» **PROMPT**
Repeat the data exactly. Pictures are not part of the copy.

» **DATA PROVIDED**
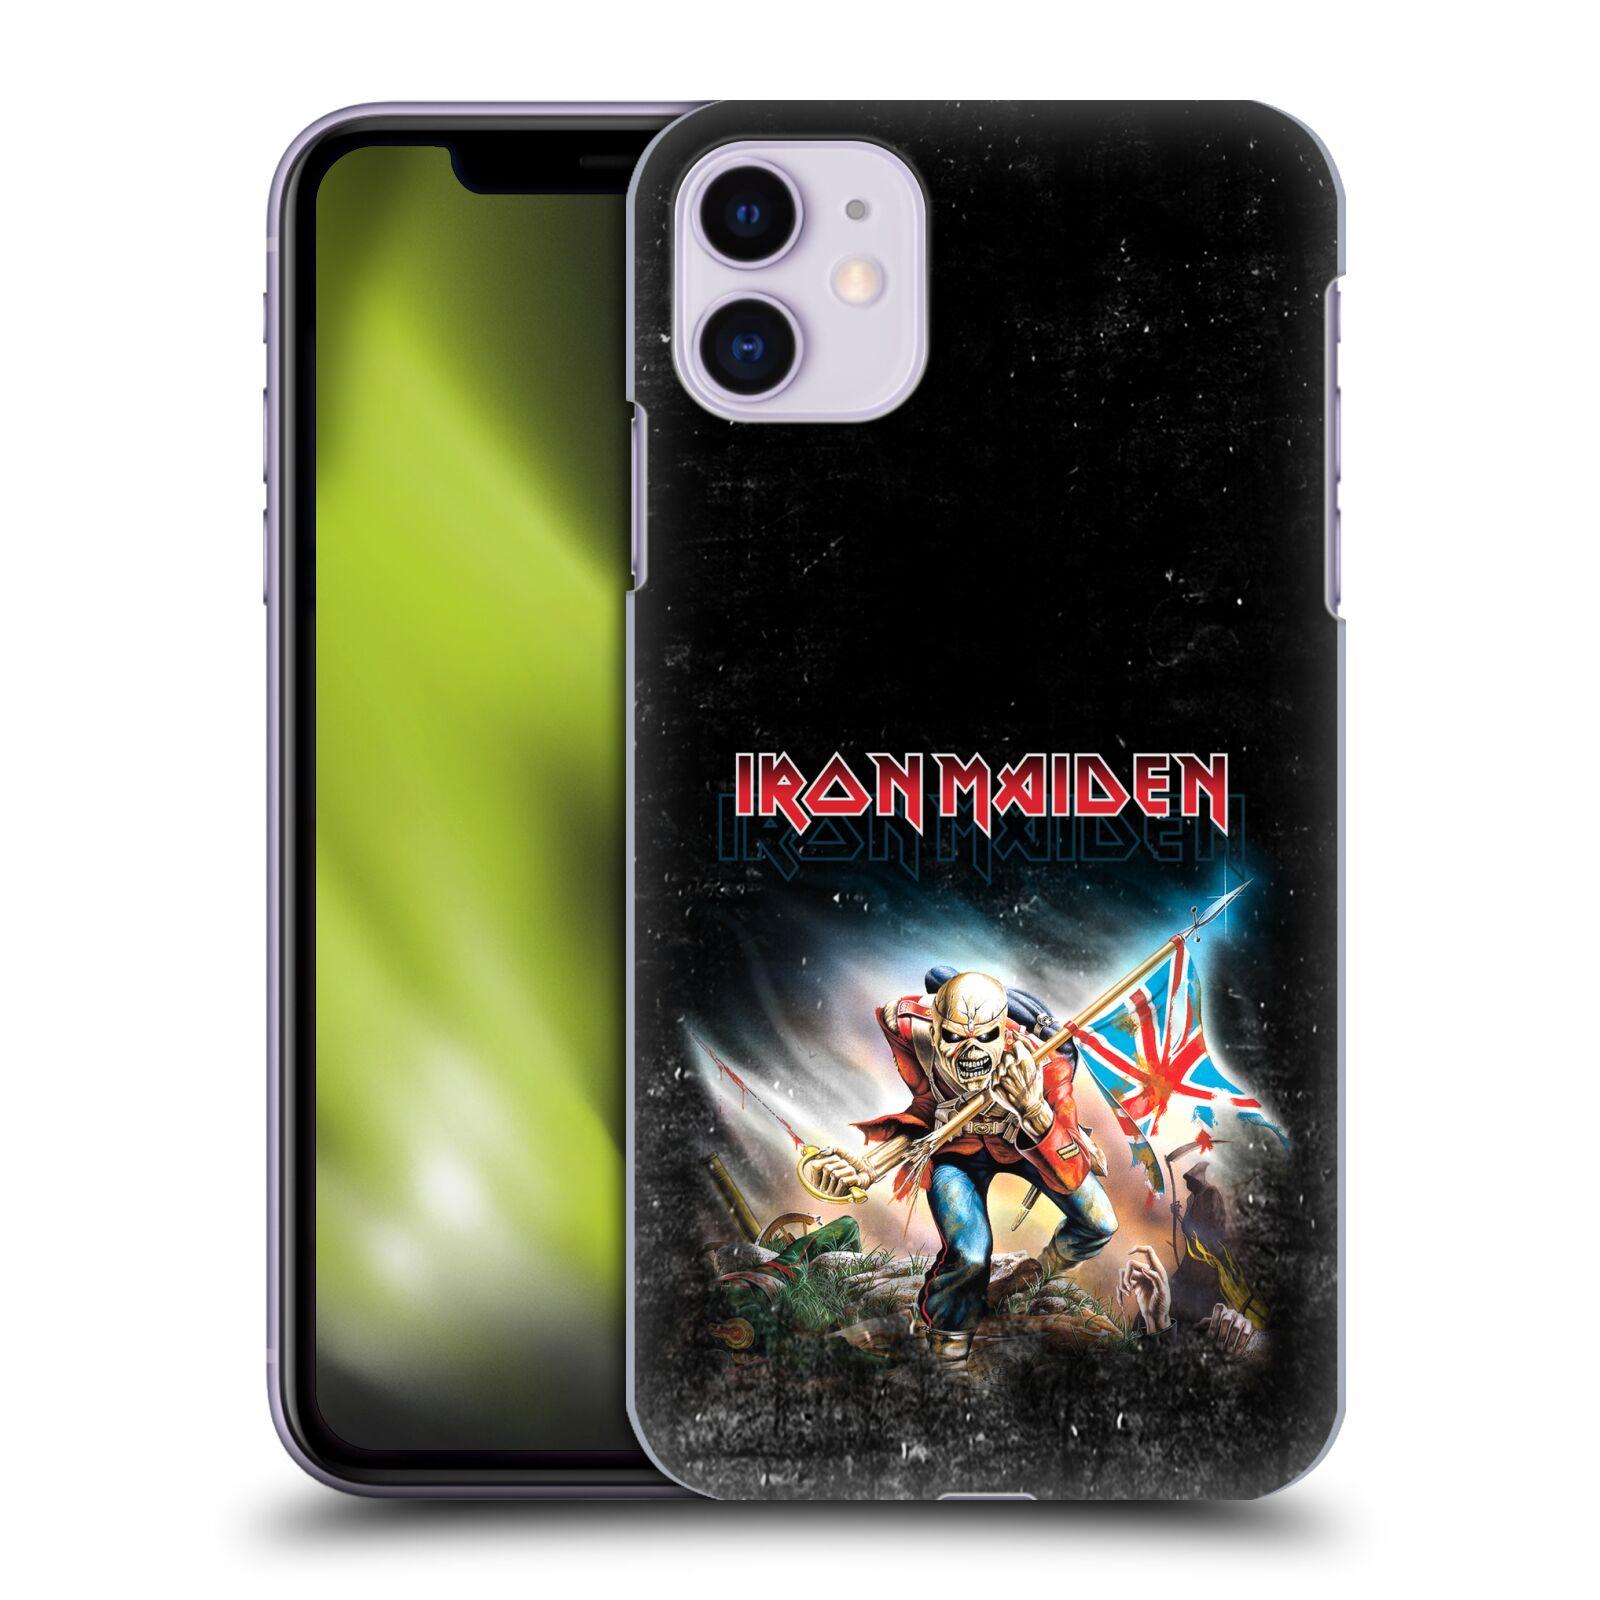 Plastové pouzdro na mobil Apple iPhone 11 - Head Case - Iron Maiden - Trooper 2016
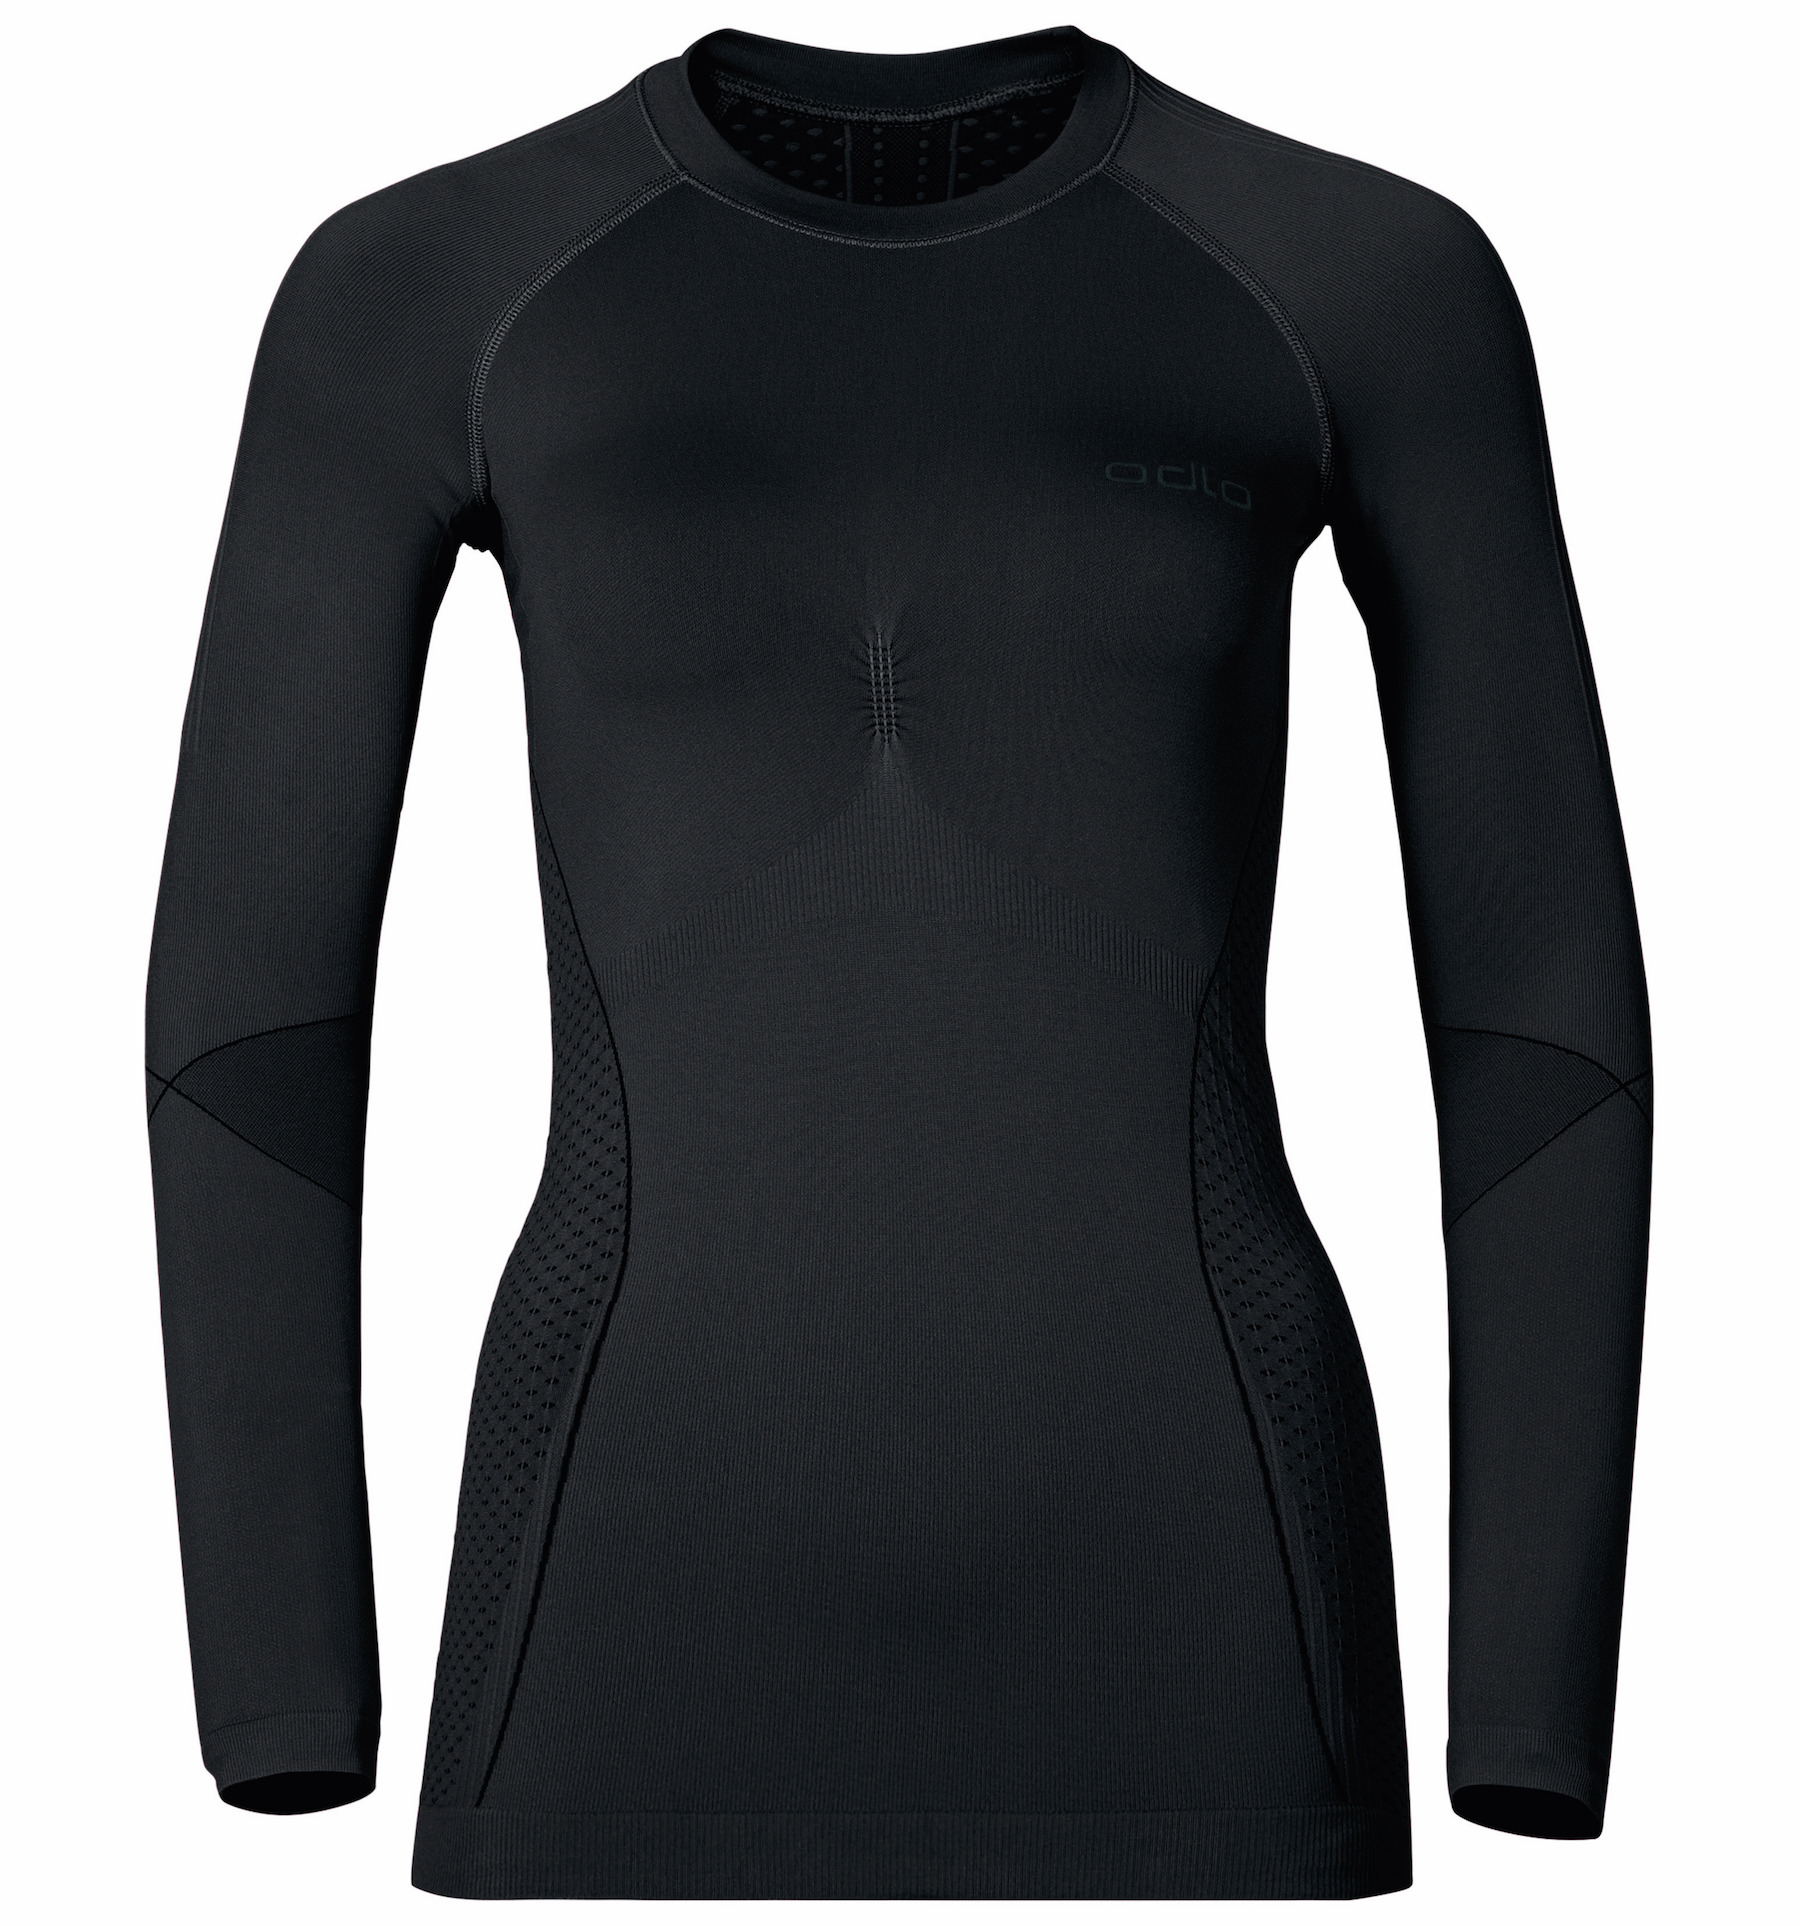 Odlo Evolution Warm - Laufshirt - Damen
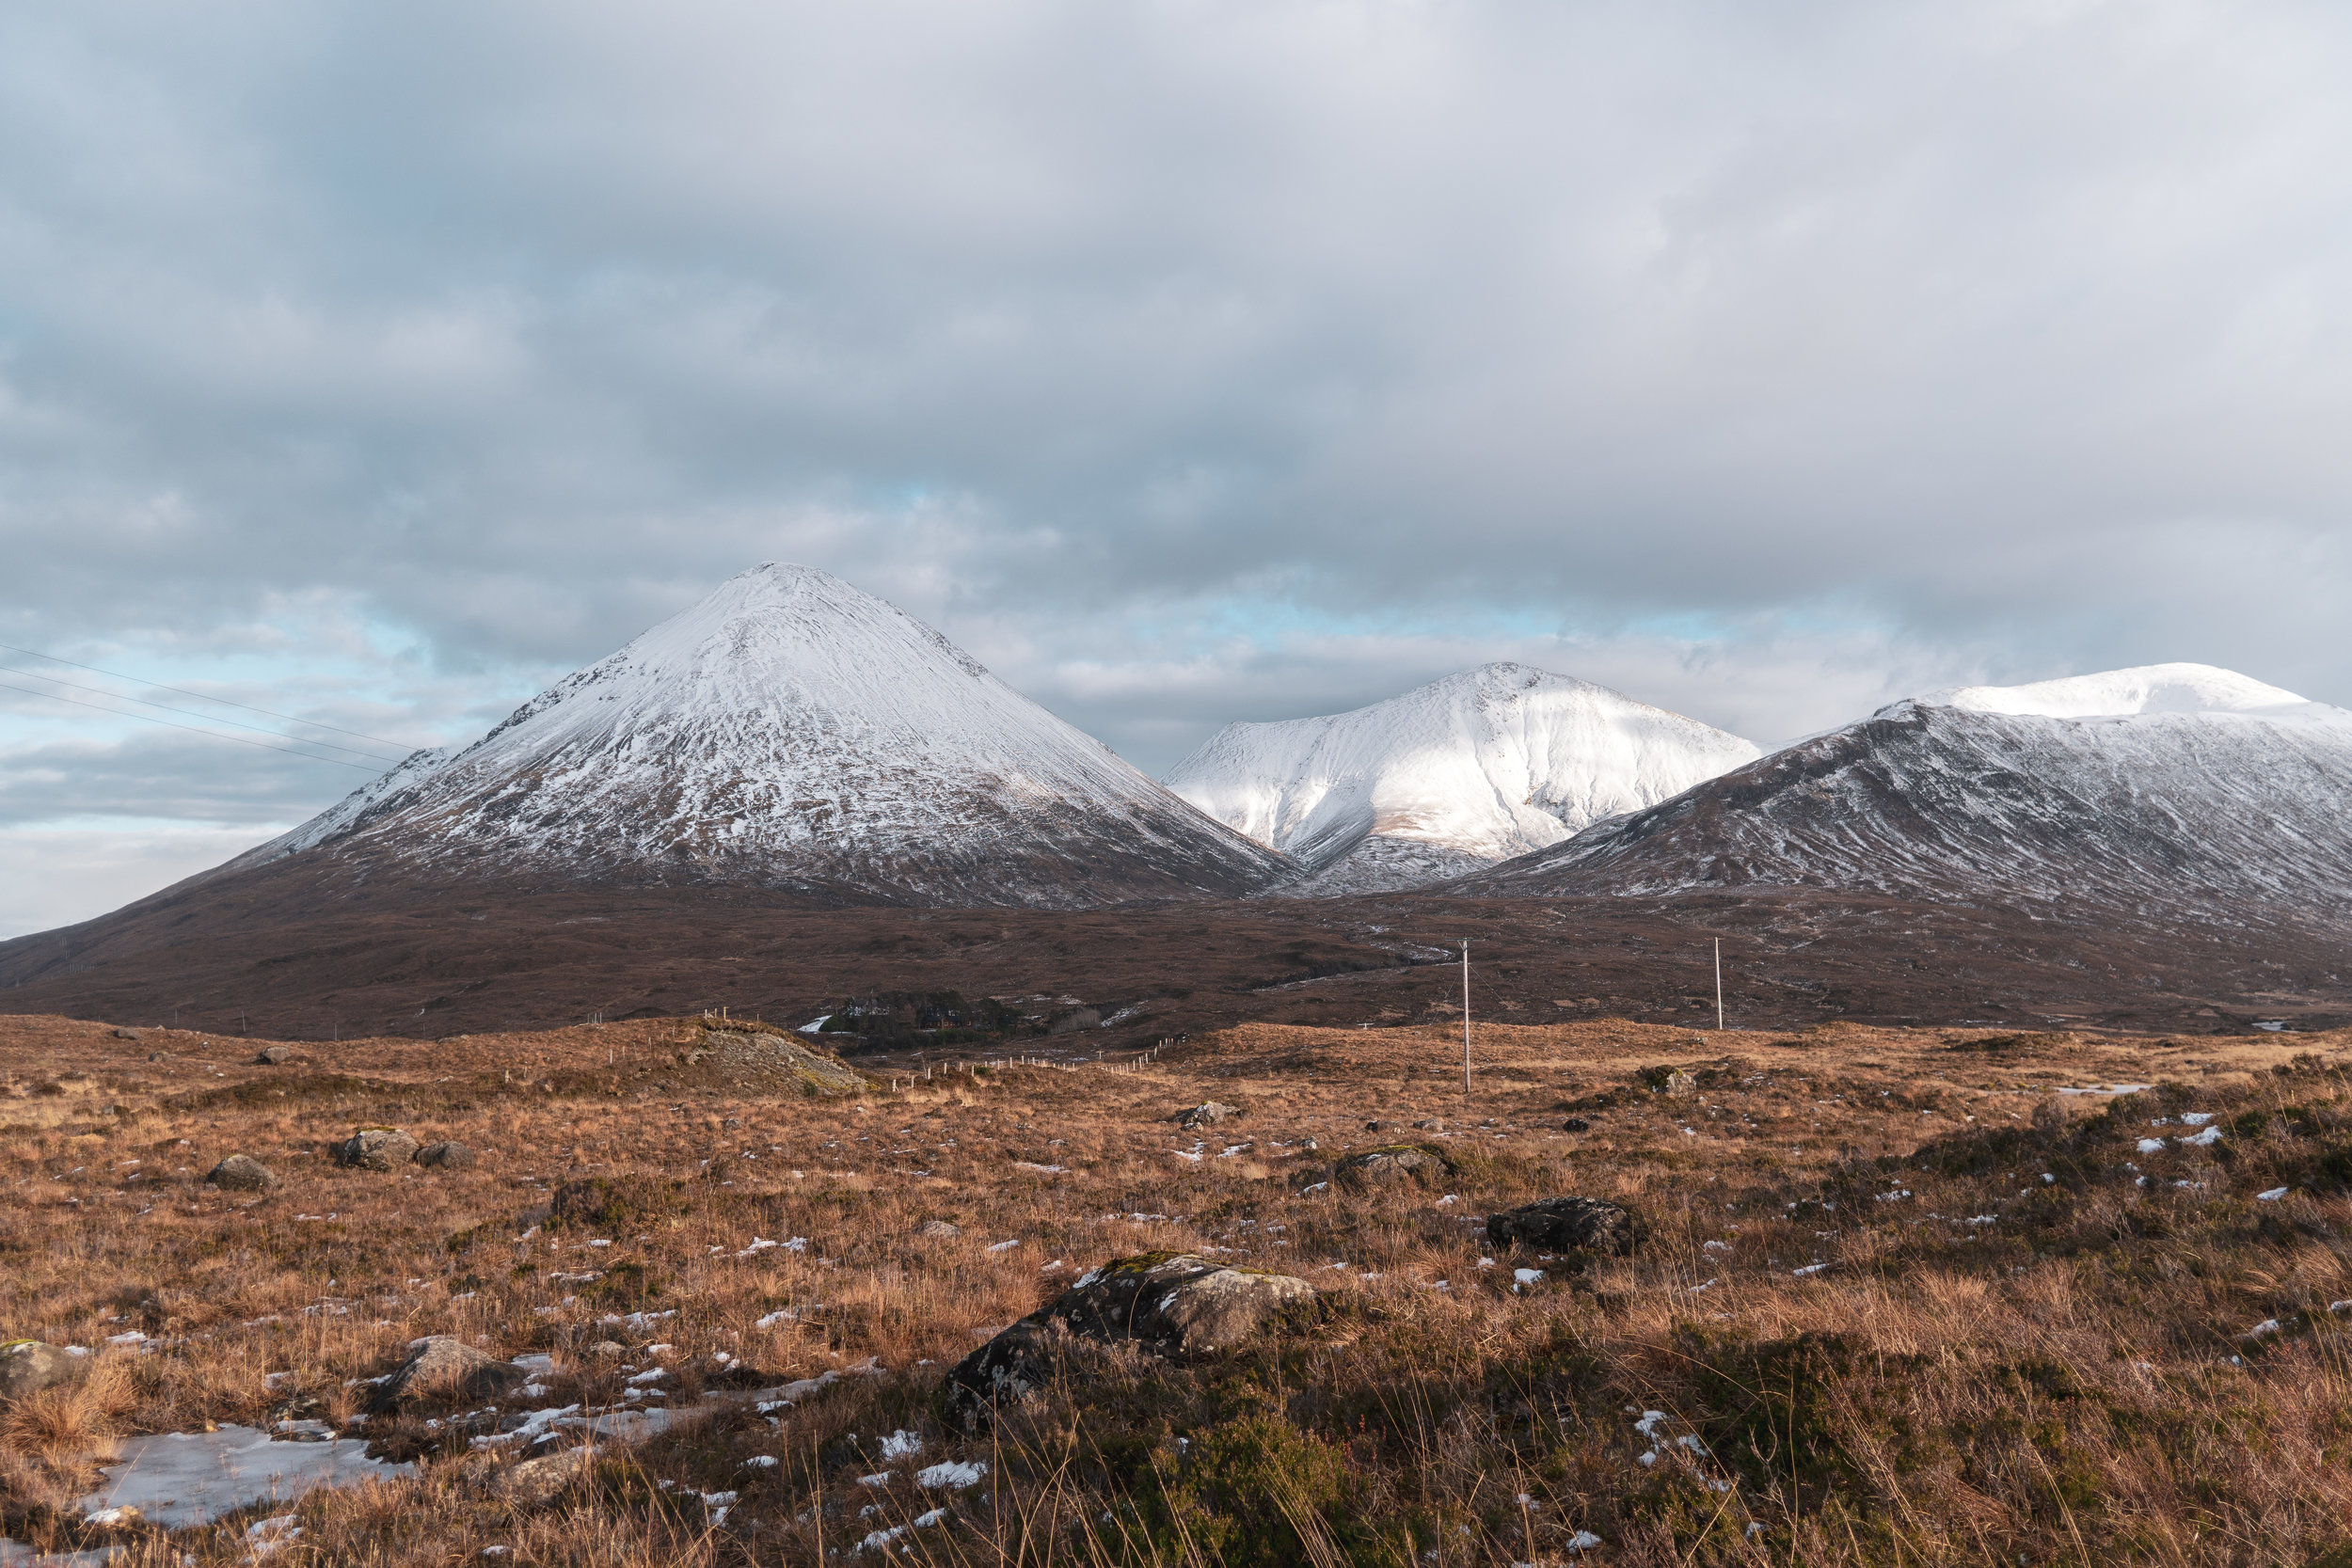 Isle-of-Skye-Fairy-Glen-und-Braes (30).jpg

» **PROBLEM SOLUTION**
 Plastové pouzdro na mobil Apple iPhone 11 - Head Case - Iron Maiden - Trooper 2016
 Odlo Evolution Warm - Laufshirt - Damen
 Isle-of-Skye-Fairy-Glen-und-Braes (30).jpg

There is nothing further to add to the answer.